In the sediments of the western part of the sea (station 83-10, depth 77.2 m), Paralia sulcata predominated (38.8%), Melosira arctica subdominated (15.3%), and the marine planktonic species Thalassiosira antarctica (8%) and Chaetoceros spp. (12%) and the brackish-water species Thalassiosira hyperborea (8%) and Navicula peregrina (6.5%) were abundant. Single extinct Pyxilla gracilis and Eupyxidicula spp. and freshwater Stauroneis gracilis were also detected.
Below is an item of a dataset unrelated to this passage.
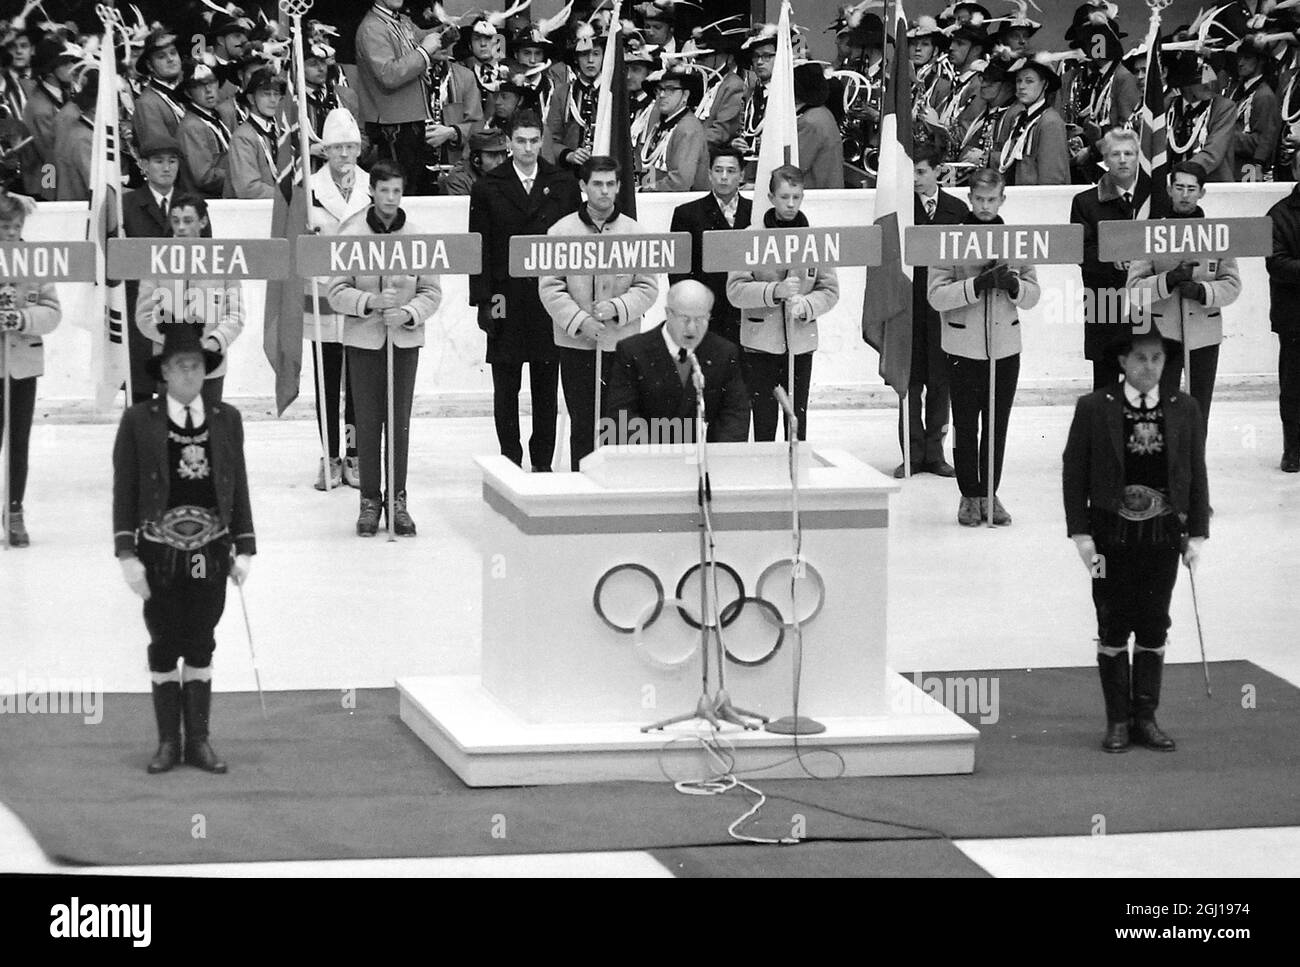 10 FEBRUARY 1964 AVERY BRUNDAGE, PRESIDENT OF THE IOC, ANNOUNCES THE END OF THE WINTER OLYMPICS GAMES DURING THE CLOSING CEREMONY IN INNSBRUCK, AUSTRIA Stock Photo

In the sediments of the zone of influence of the Indigirka River runoff (station 83-2, depth 15 m; station 83-3, depth 14 m), the diatom assemblages were dominated by Melosira arctica (59–94%), Thalassiosira hyperborean and especially T. hyperborea var. pelagica (2–16%), and the brackish, benthic Navicula peregrina (4%). The freshwater Pinnularia brevicostata, P. major, P. stomatophora, P. borealis, P. neorabenhorstii, and others constituted 5% of the total assemblage.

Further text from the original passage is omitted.